══ RAW DATA ══

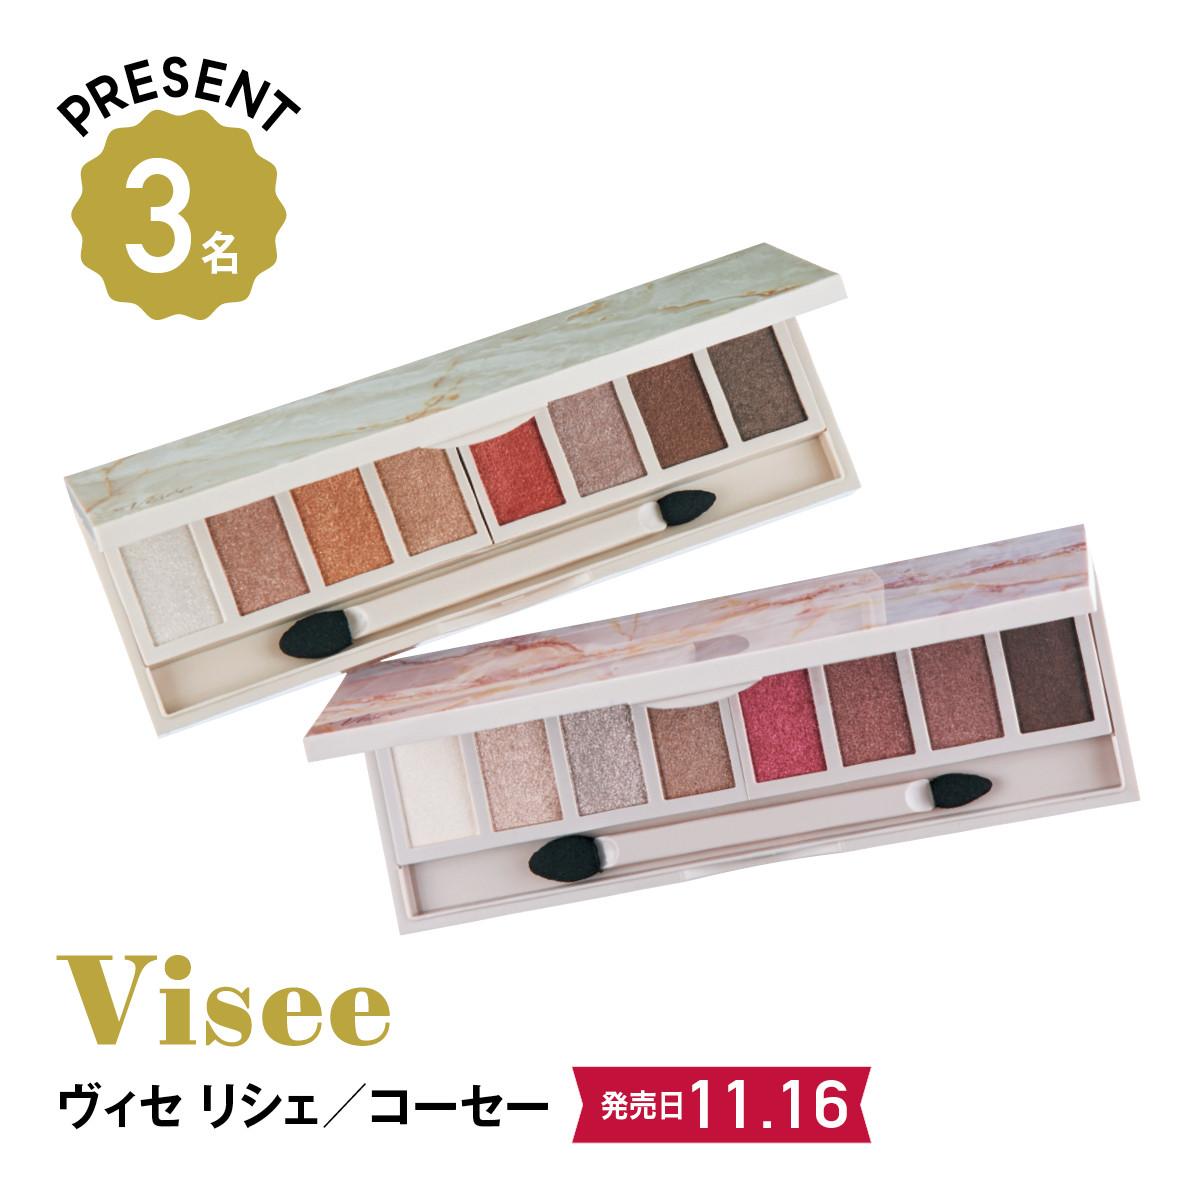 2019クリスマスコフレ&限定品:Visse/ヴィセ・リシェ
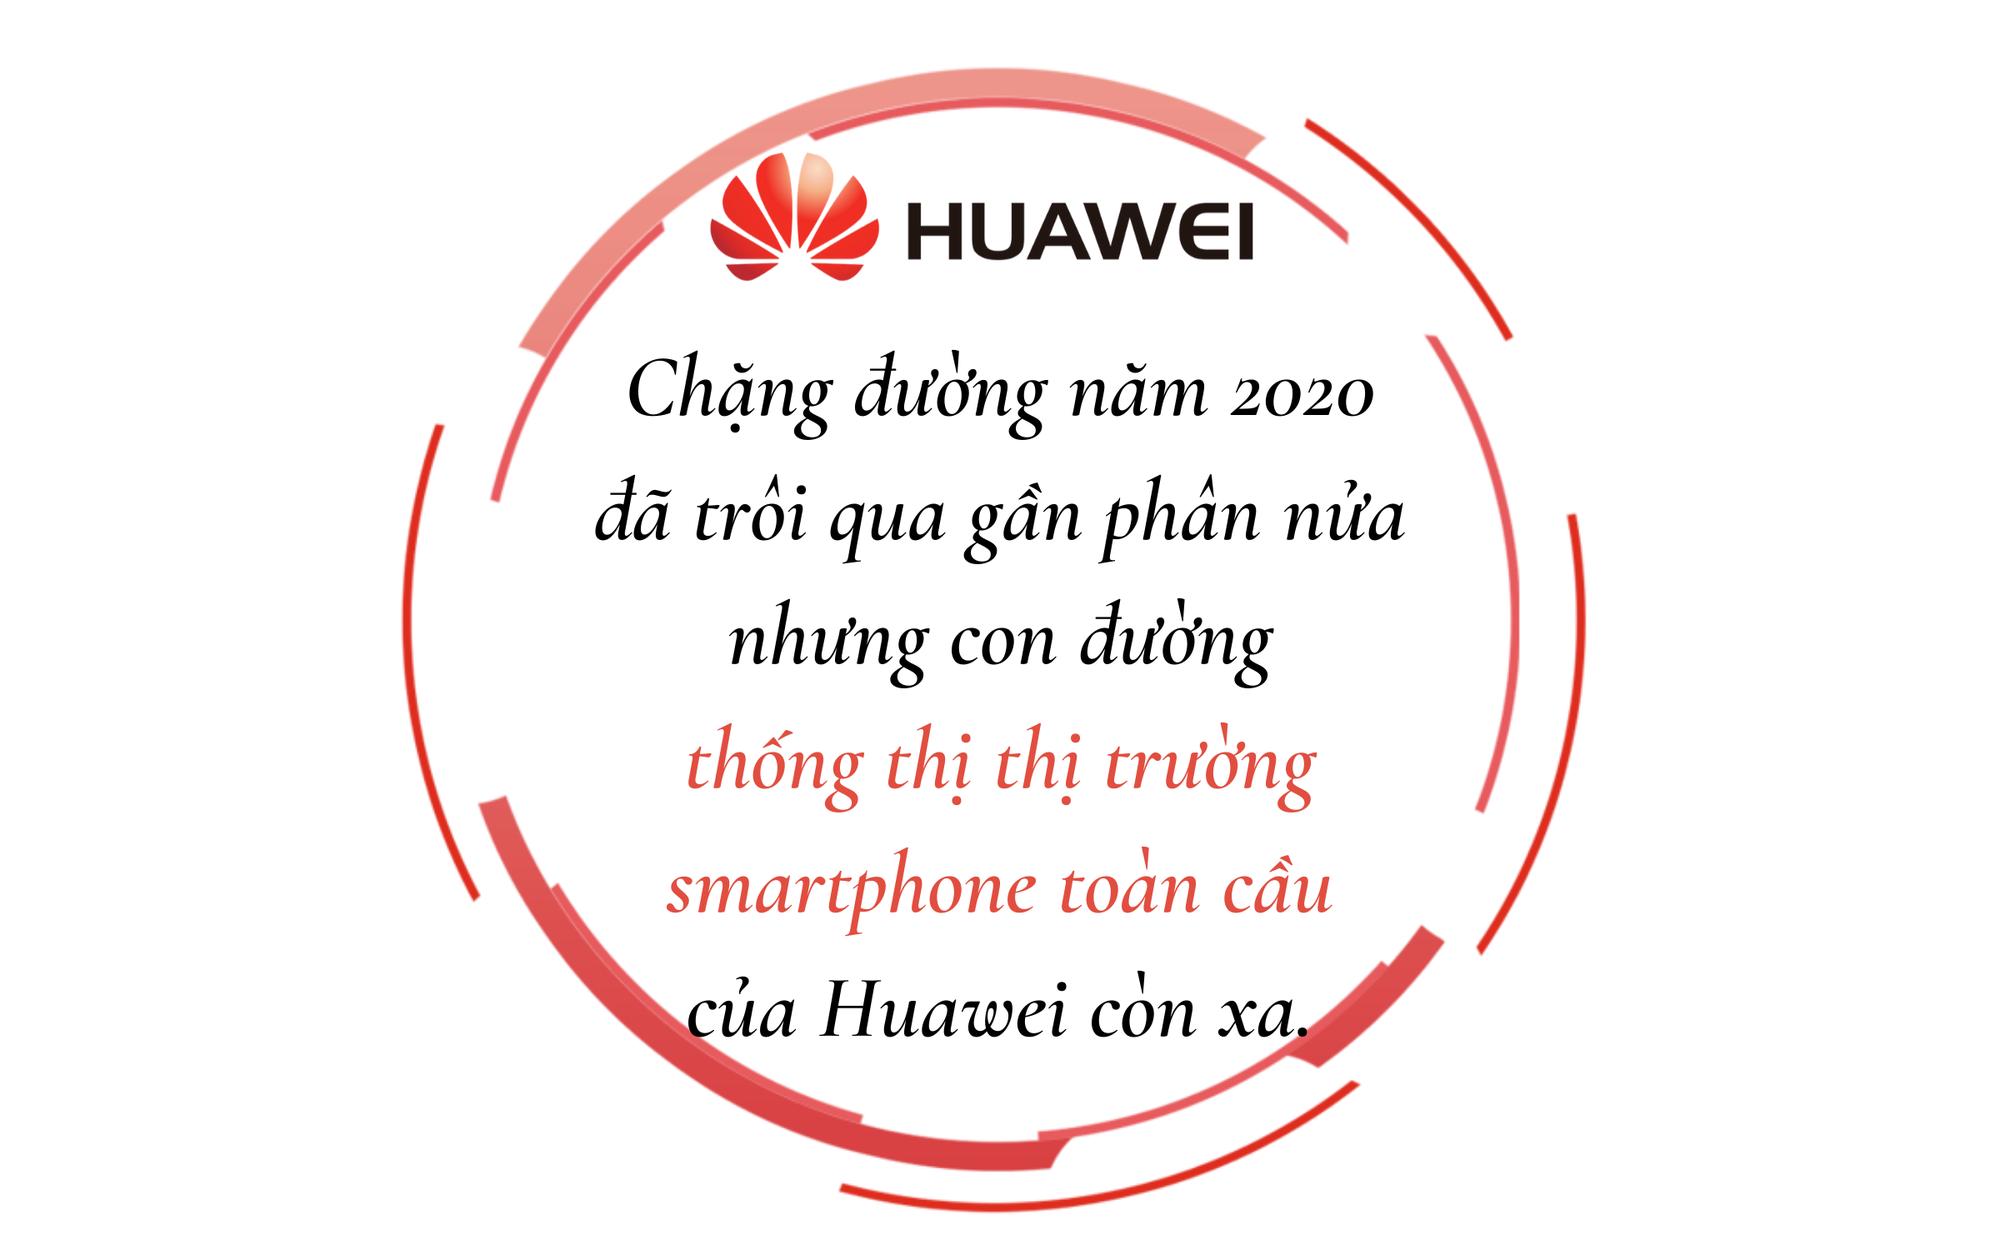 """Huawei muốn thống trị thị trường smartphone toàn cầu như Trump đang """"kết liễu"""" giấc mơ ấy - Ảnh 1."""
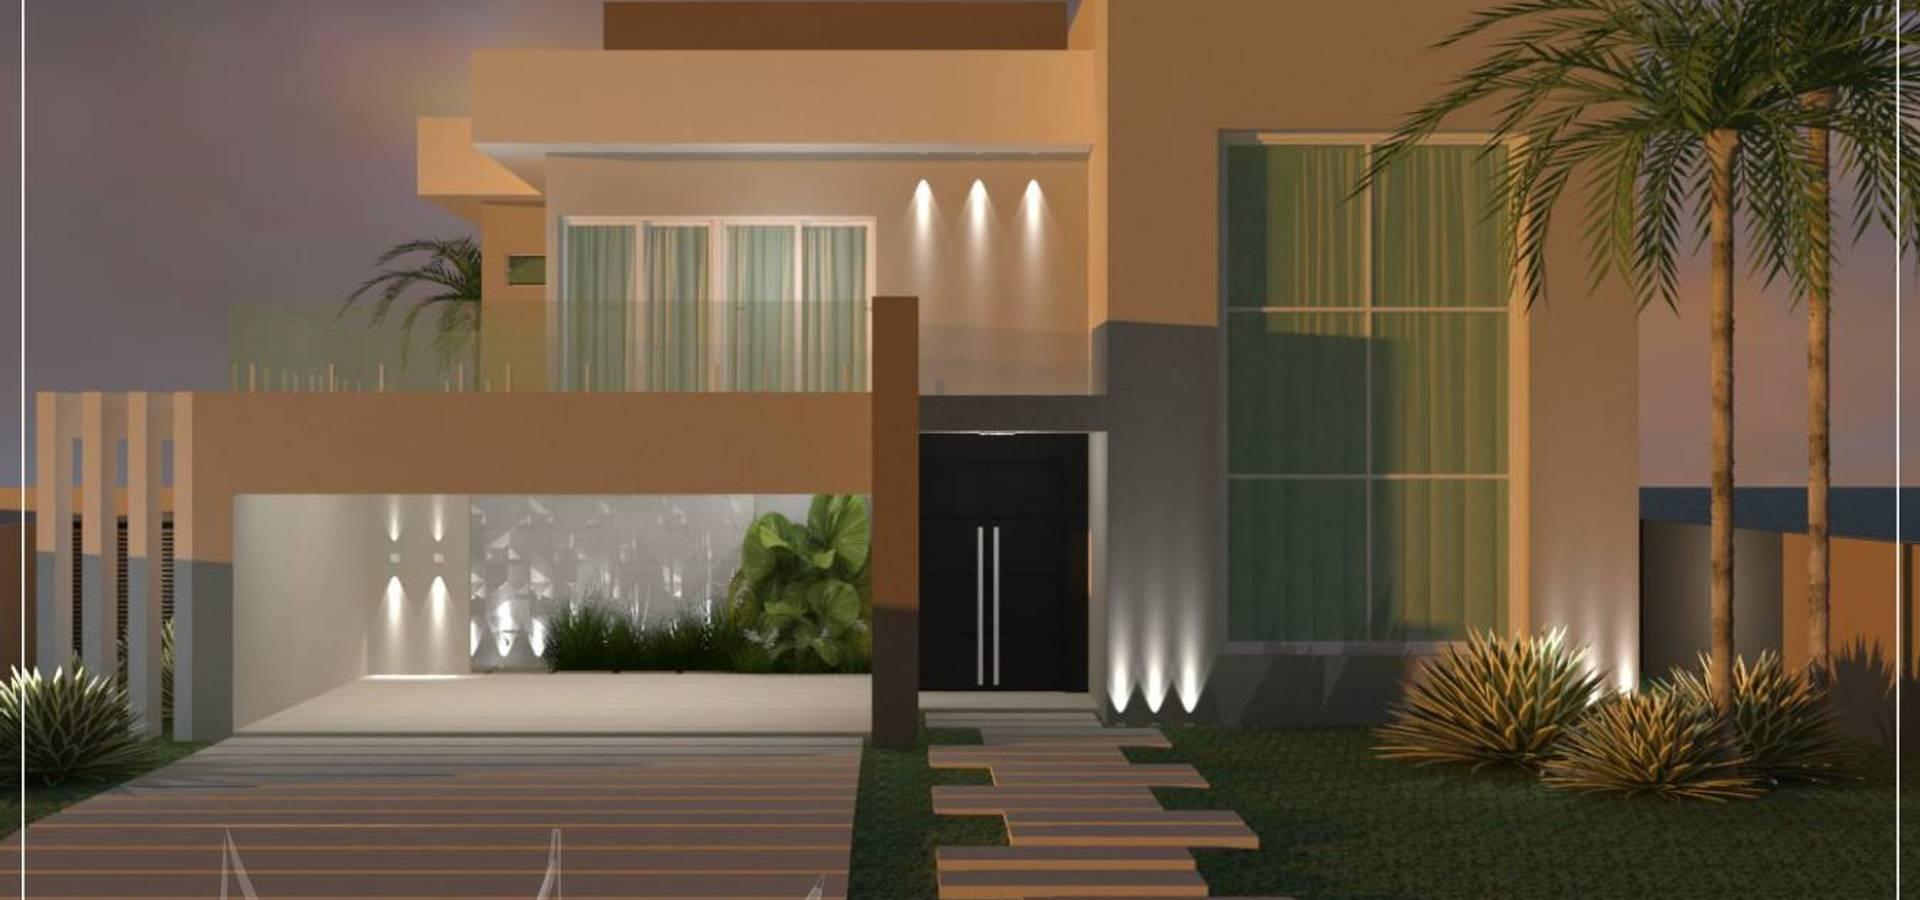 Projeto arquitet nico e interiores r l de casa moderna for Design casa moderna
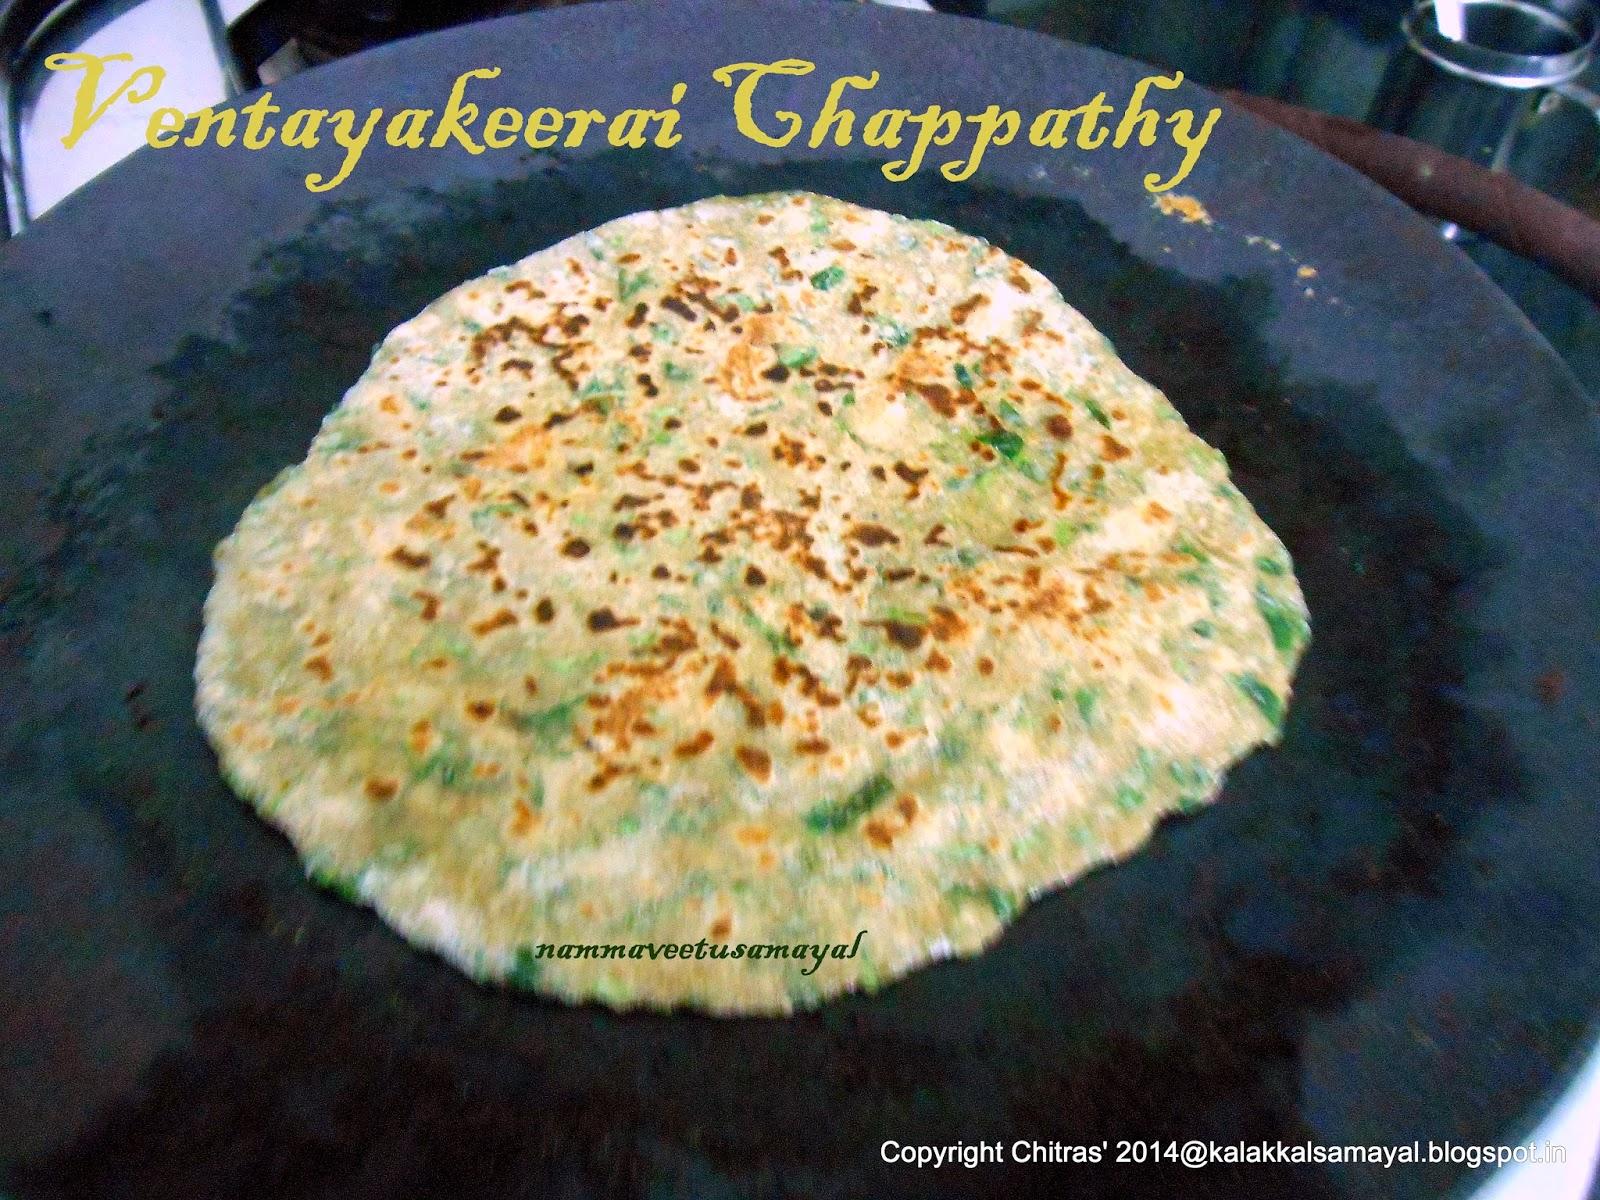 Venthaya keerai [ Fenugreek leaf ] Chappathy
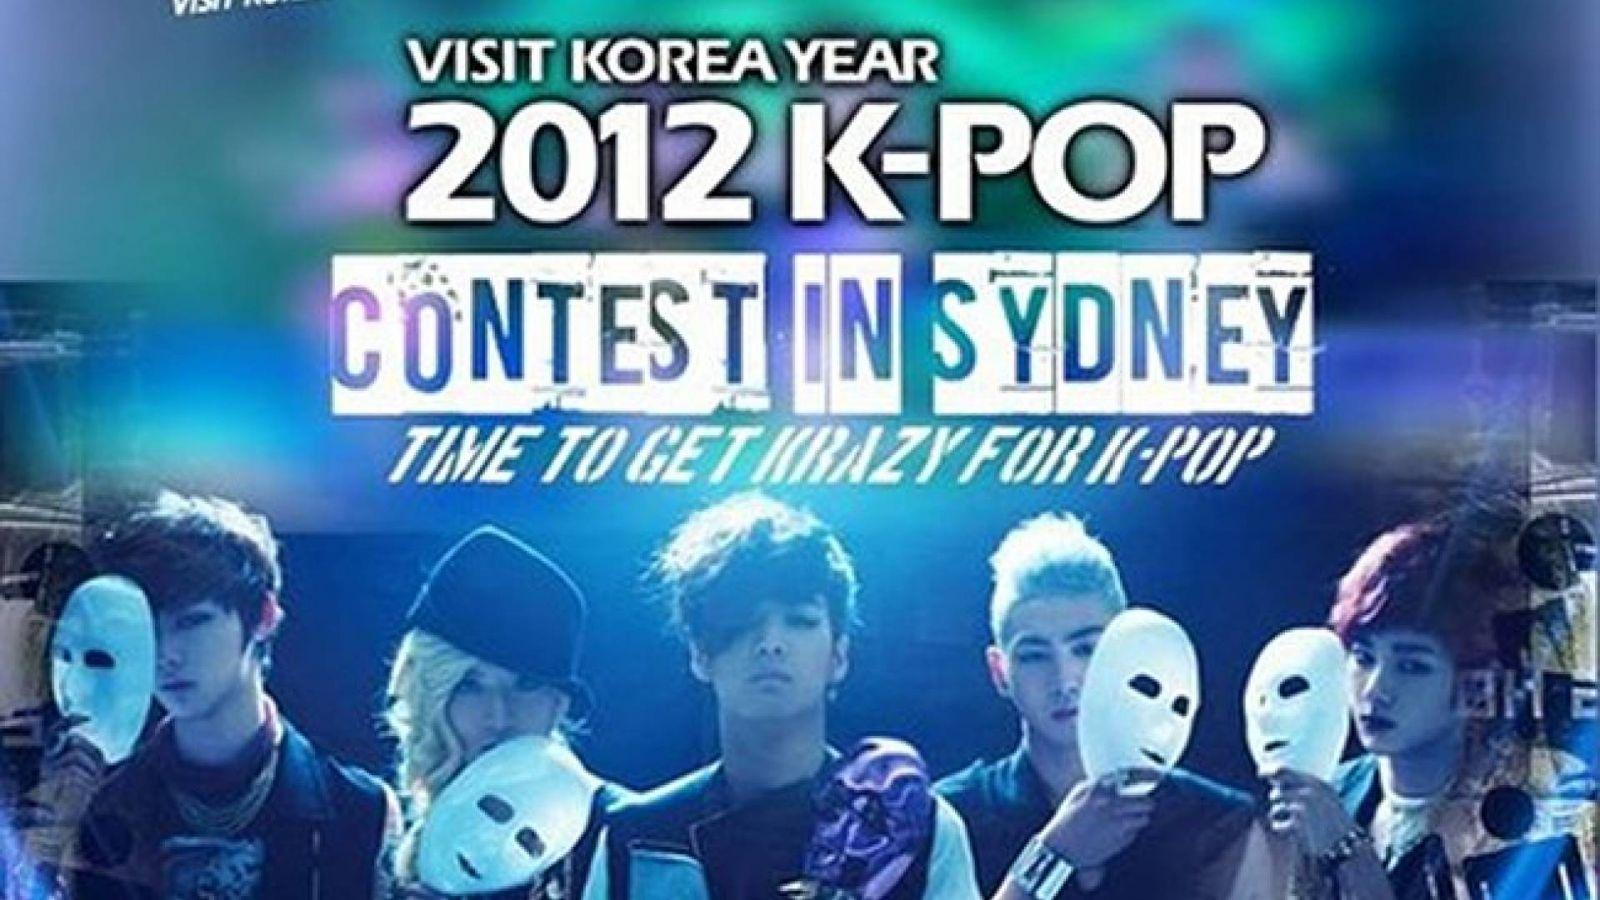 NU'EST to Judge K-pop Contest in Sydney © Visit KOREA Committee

═══

Drop the pictures and copy the data exactly.

 2019クリスマスコフレ&限定品:Visse/ヴィセ・リシェ
 """Huawei muốn thống trị thị trường smartphone toàn cầu như Trump đang """"kết liễu"""" giấc mơ ấy - Ảnh 1."""
 Projeto arquitet nico e interiores r l de casa moderna for Design casa moderna
 Venthaya keerai [ Fenugreek leaf ] Chappathy
 NU'EST to Judge K-pop Contest in Sydney © Visit KOREA Committee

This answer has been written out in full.